E mi chiedo anche cosa ne abbia mai pensato Berlinguer, per il quale “se l’Italia facesse parte del Patto di Varsavia, e non della Nato, evidentemente non potremmo realizzare il socialismo così come lo pensiamo noi”. Aggiungeva anche: “Ciò non vuol dire che qui, sotto l’ombrello della Nato, nell’ambito del Patto Atlantico”, ci si voglia far realizzare il socialismo”. Però viene da chiedersi: avrà mai immaginato Berlinguer, i pericoli insiti anche nelle pieghe della nostra Costituzione? Delle molte cose che ha detto, e che ho avuto modo di studiare, questa forse è una delle più controverse, nonostante la lucidità dell’analisi.
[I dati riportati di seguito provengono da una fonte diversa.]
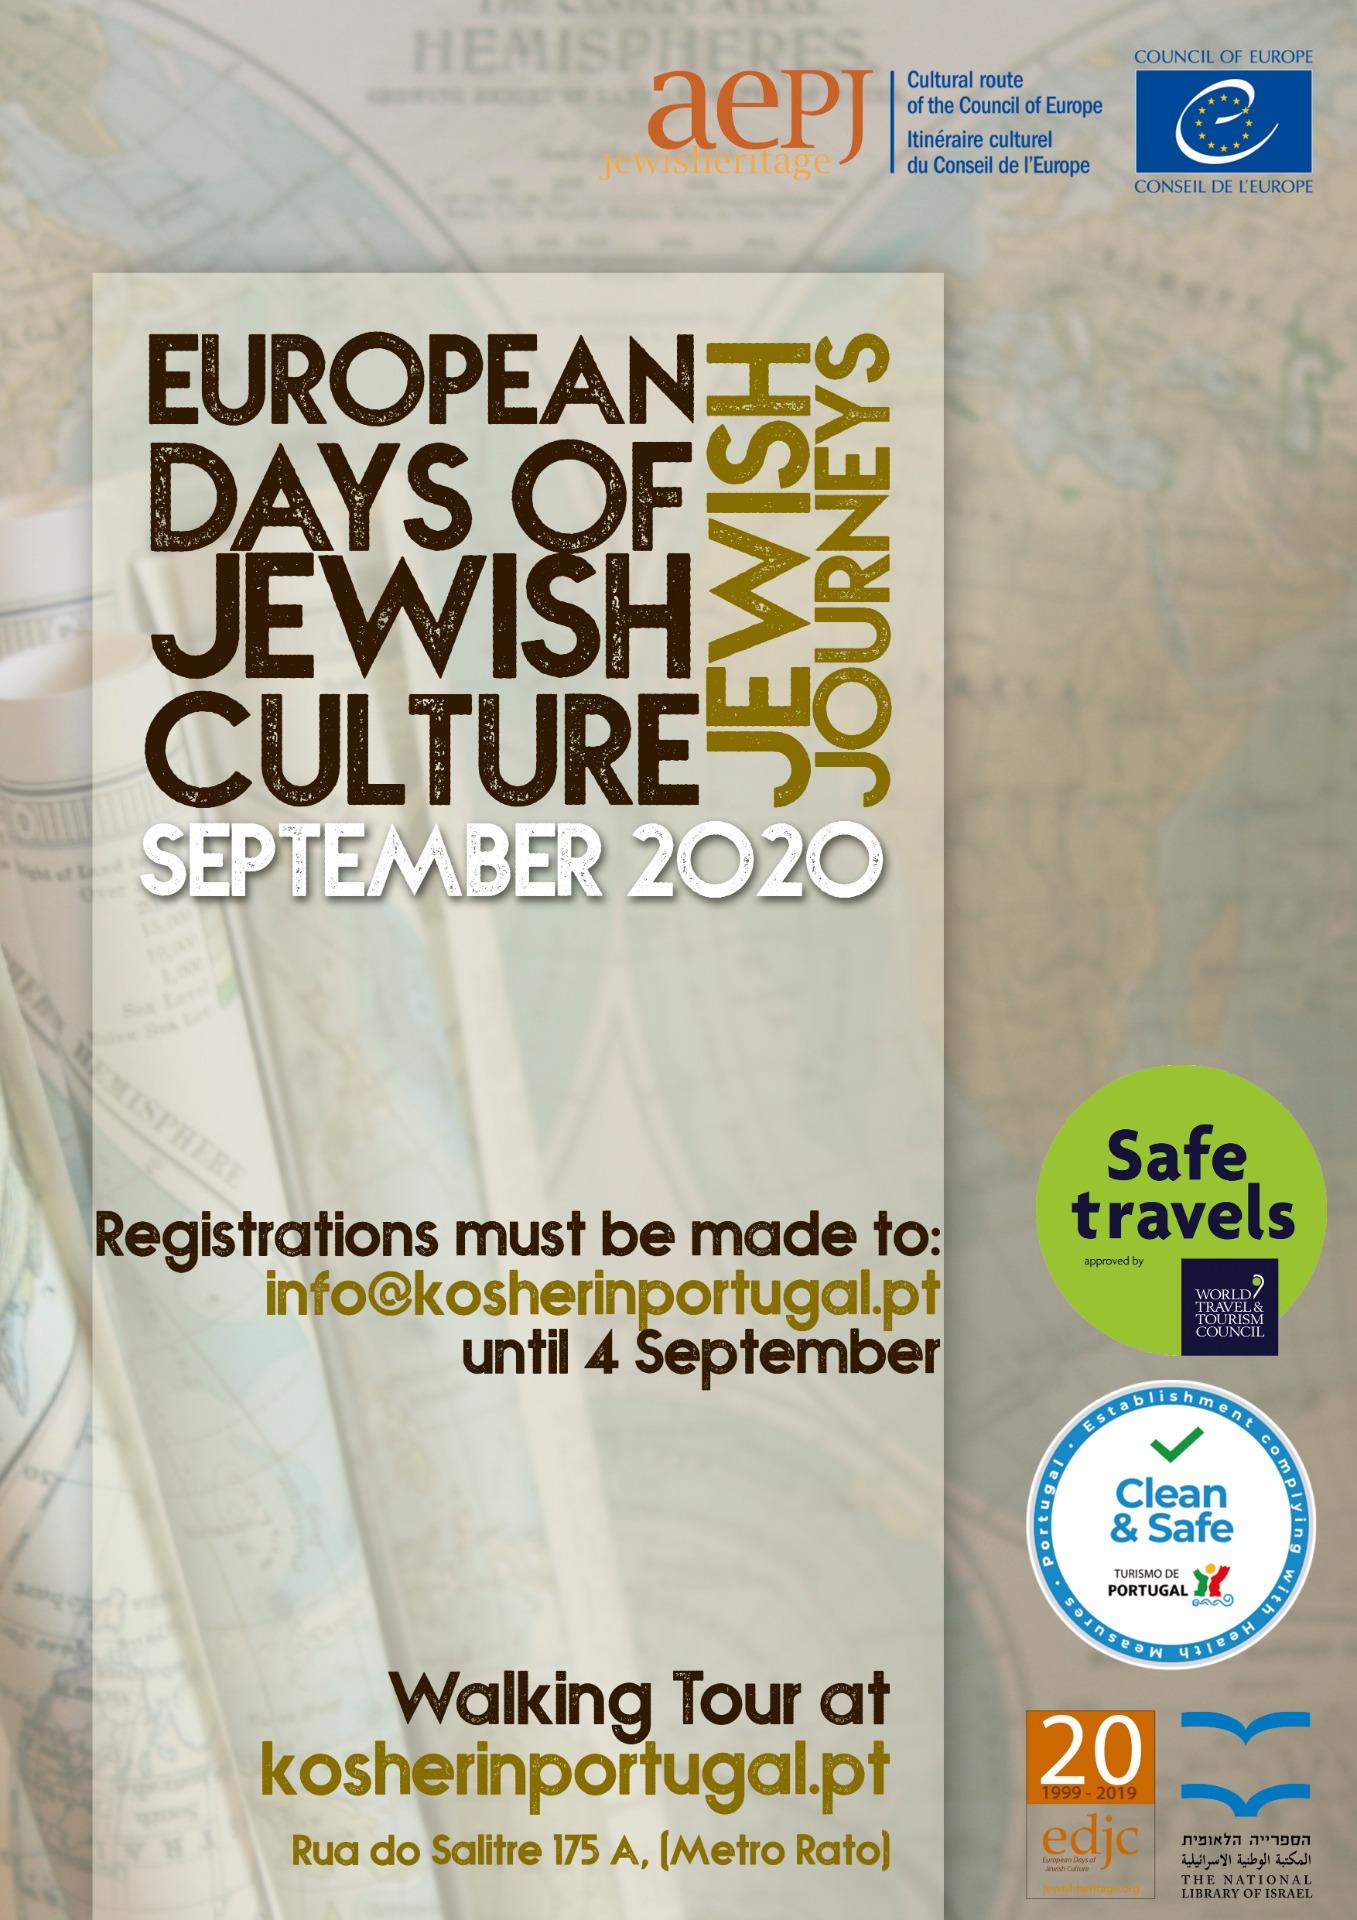 kosher-in-portugal-walking-tours-lisbon-jewish-heritage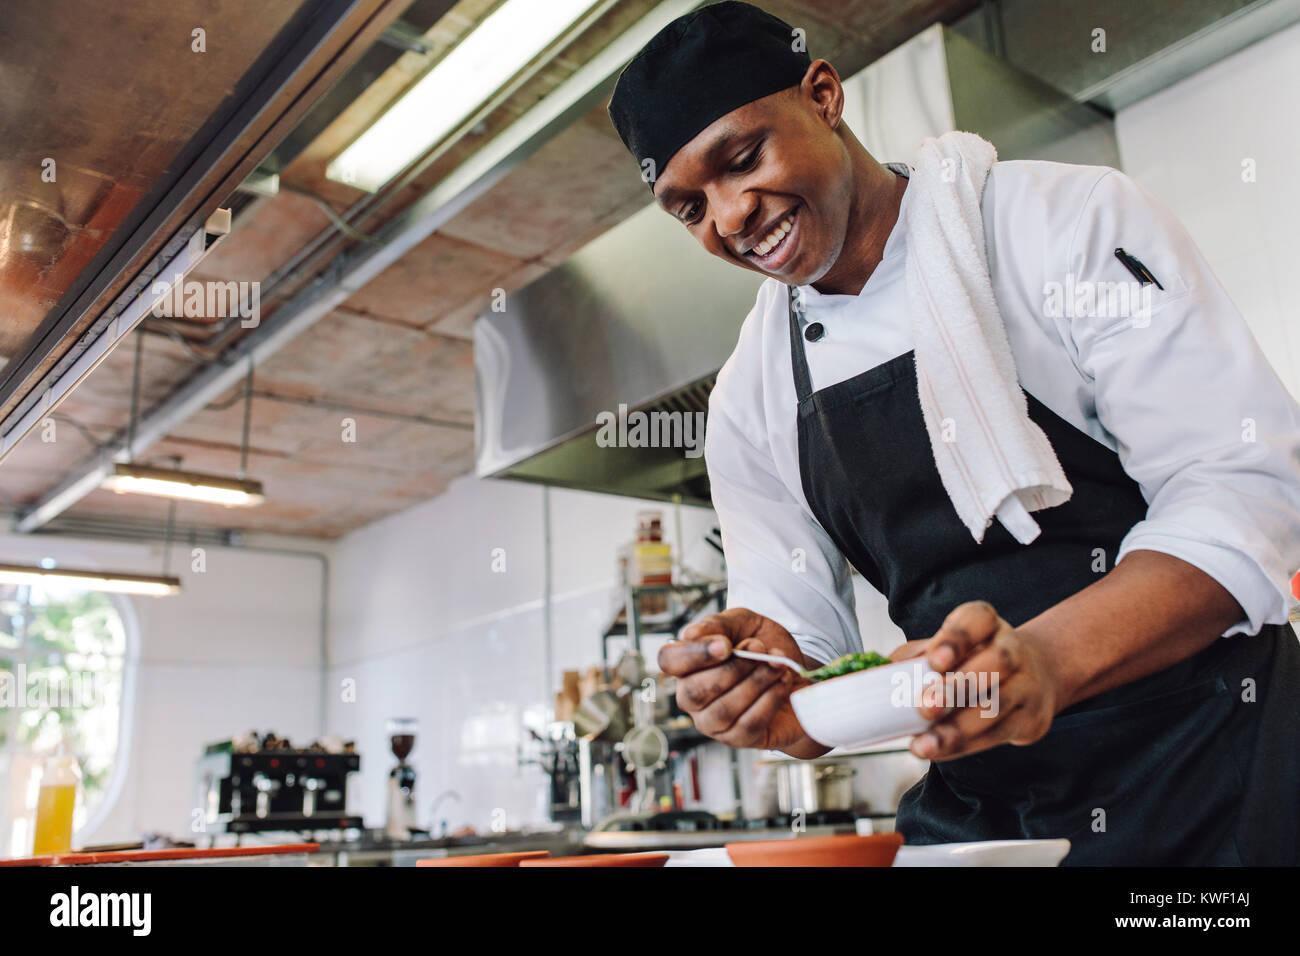 Gourmet Koch in Uniform kochen in einer gewerblichen Küche. Gerne männliche Koch Schürze tragen, Stockbild

A mio modesto avviso, non è possibile realizzare alcunché sotto la Nato, se non il volere degli USA. Figuriamoci il socialismo, e senza dubbio lo sapeva anche lui.
Ma è anche “grazie” all’art. 11 che siamo dentro alla Nato. Non esiste, nella nostra Costituzione, qualcosa che ci impedisca davvero di entrarci, perché tutto quello che mantiene “la pace e la sicurezza”, a norma del diritto internazionale, viene recepito o comunque trova possibilità di essere accolto nel nostro ordinamento giuridico. In altre parole, il diritto internazionale difende lo status quo di un sistema che fa di tutto per non rinunciare alla forza armata. Il capitale prospera in tempo di pace, ma prospera ancora meglio in tempo di guerra. La nostra Carta Costituzionale lascia a questo sistema “esterno” una bella porta aperta sul nostro sistema “interno”, proprio tramite l’art. 11 e il 10.
Per questo, la “commemorazione” di quell’articolo, ha senso solo se di quell’articolo diamo un’interpretazione molto riduttiva. E, va detto, sbagliata.